How To Add A Smoky Twist To Your Chicken Salad This Grilling Season

While some of us think a basic chicken salad is perfect, others might find it boring, especially when it's served at a barbecue alongside smoky steaks and ribs. If you're looking for a way to help your side dish stand out, why not smoke your chicken, too? Beyond adding a delicious hint of rich flavor, a slow smoking session helps the chicken to remain moist and tender — no more dry chunks of meat covered up by tons of mayo. Plus, you can choose different types of wood to impart a flavor that goes with your recipe.

For a slight sweetness with undertones of fruit, try using applewood in the smoker. Pecan wood is sweet, too, and also imparts a nutty flavor, making it a great option if your chicken salad has walnuts. And if you want even more smoky flavor, opt for oak. As for the chicken itself, you can cook a whole bird or smoke it in pieces. Chicken salad purists might say the breasts are the only option, but you can also use legs, thighs, and drumsticks. After a while in the smoker, dark meat tends to come out more tender and full of flavor. 

There are numerous types of smokers that can work here, but if you don't have one, this amped-up chicken salad isn't out of reach. Try turning your gas grill into a smoker, or if you don't have a space that's ideal for outdoor cooking, you can also invest in an indoor smoker.

Tips for the best smoked chicken

Smoking can be an intimidating cooking method, and timing is everything. Make sure that you leave enough time for the meat to be prepped, cooked, and in the case of making chicken salad, to cool as well. If you're choosing to use a brine to incorporate more flavor and moisture into the chicken, take the soaking time into account, as well — you'll have to keep it submerged in the refrigerator for anywhere between one hour to one day.

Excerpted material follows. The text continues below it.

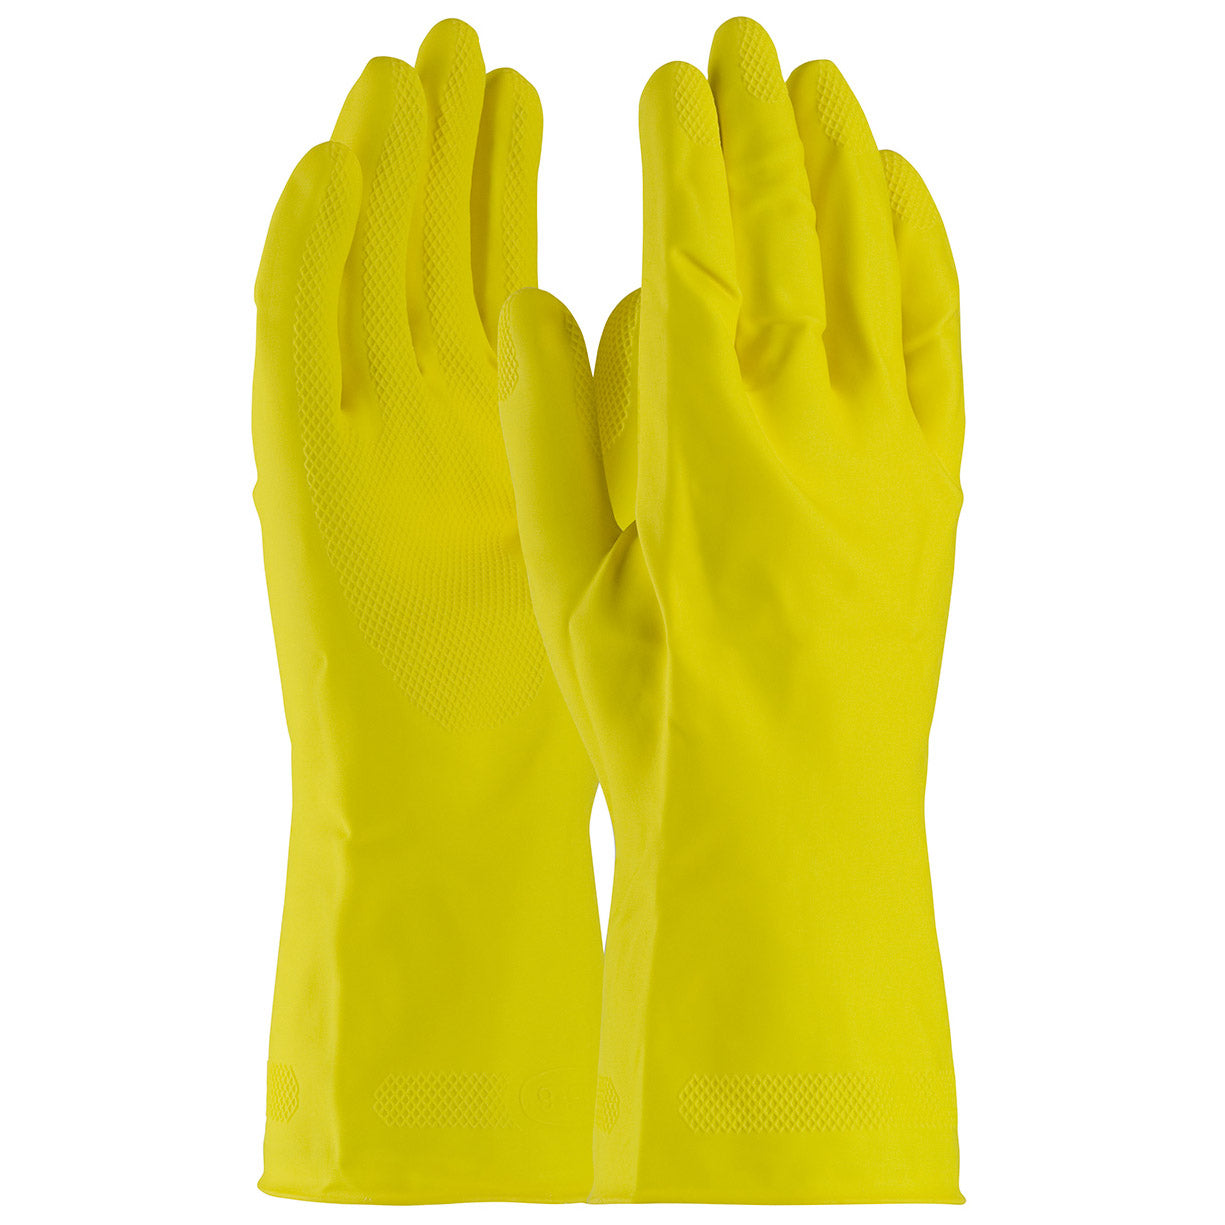 Rubber Gloves - 1 dozen - XL (48-L162Y)

If you're preparing a whole bird, the preparation process can be as simple as taking a few minutes to truss it up, but you may want to spatchcock it for more even cooking. Once you've turned on the smoker and brought the temperature up to 225 to 250 degrees Fahrenheit, pop the chicken in and cook until a meat thermometer inserted into the thickest part of the meat reads 165 degrees Fahrenheit. This can take up to four hours for a whole bird, but may take as little as an hour if you cut the chicken into pieces.

Outside of timing the process right, there are a few other things to keep in mind while smoking. Be sure to keep an eye on the chicken and check for parts that are cooking more quickly or slowly, and adjust the cooking time as needed. Also, avoid one of the biggest chicken-smoking mistakes and don't over-smoke it, or it could wind up tasting scorched and dry.

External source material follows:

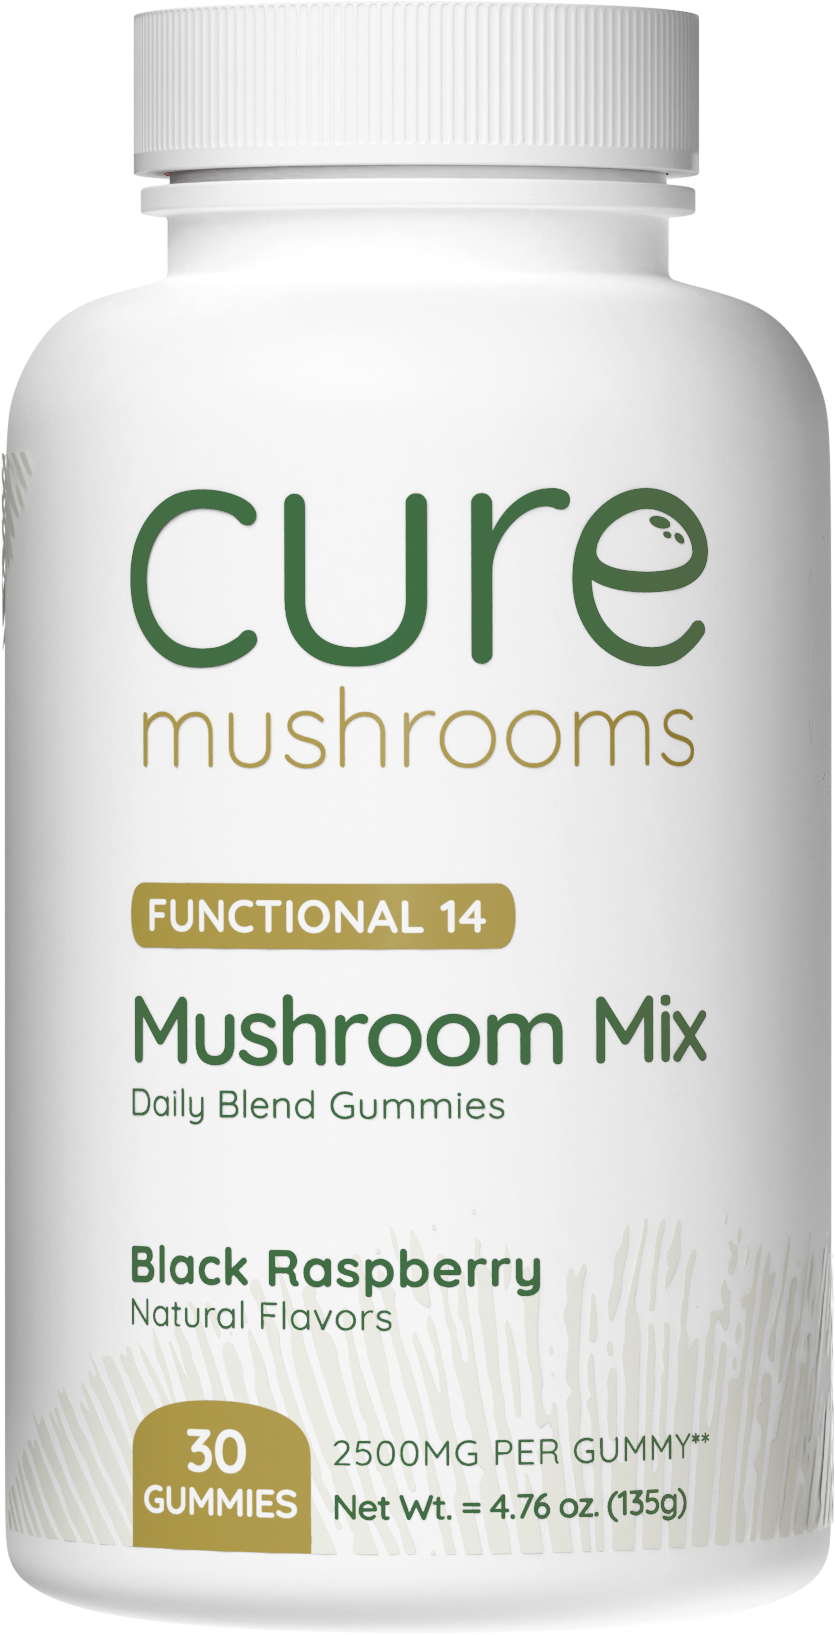 14 mushroom mix mushroom gummies

How to make smoky chicken salad

Once you've perfectly smoked your chicken and allowed it to cool, it's time to get to salad-making. The smoked meat will lend plenty of nuance to a basic chicken salad recipe, but if you want to add even more smoky flavor, crumble up pieces of bacon to fold in, or stir some BBQ sauce into the mayo dressing. You can also add a sprinkle of smoked paprika or a few dashes of liquid smoke. If you're using the latter, be sure to look for a high-quality version, like the one Alton Brown swears by.

If you think the smoke level in your dish is perfect already, there are loads of other ways to take your chicken salad to the next level. For an acidic addition that will act as a bright contrast to the smoky chicken and rich mayo, squeeze in a bit of lime juice or lemon juice. A dash of red wine vinegar will work as well. Plus, you can add fresh flavor with herbs — try dill, cilantro, tarragon, or basil.

Finally, classic chicken salad recipes often use celery for a crisp contrast to the tender chicken. However, there are a number of other options for adding crunchiness. Diced dill pickles, capers, and grated carrots all add a crisp texture as well as a pop of color. For sweeter add-ins, try halved grapes or diced apples or pears.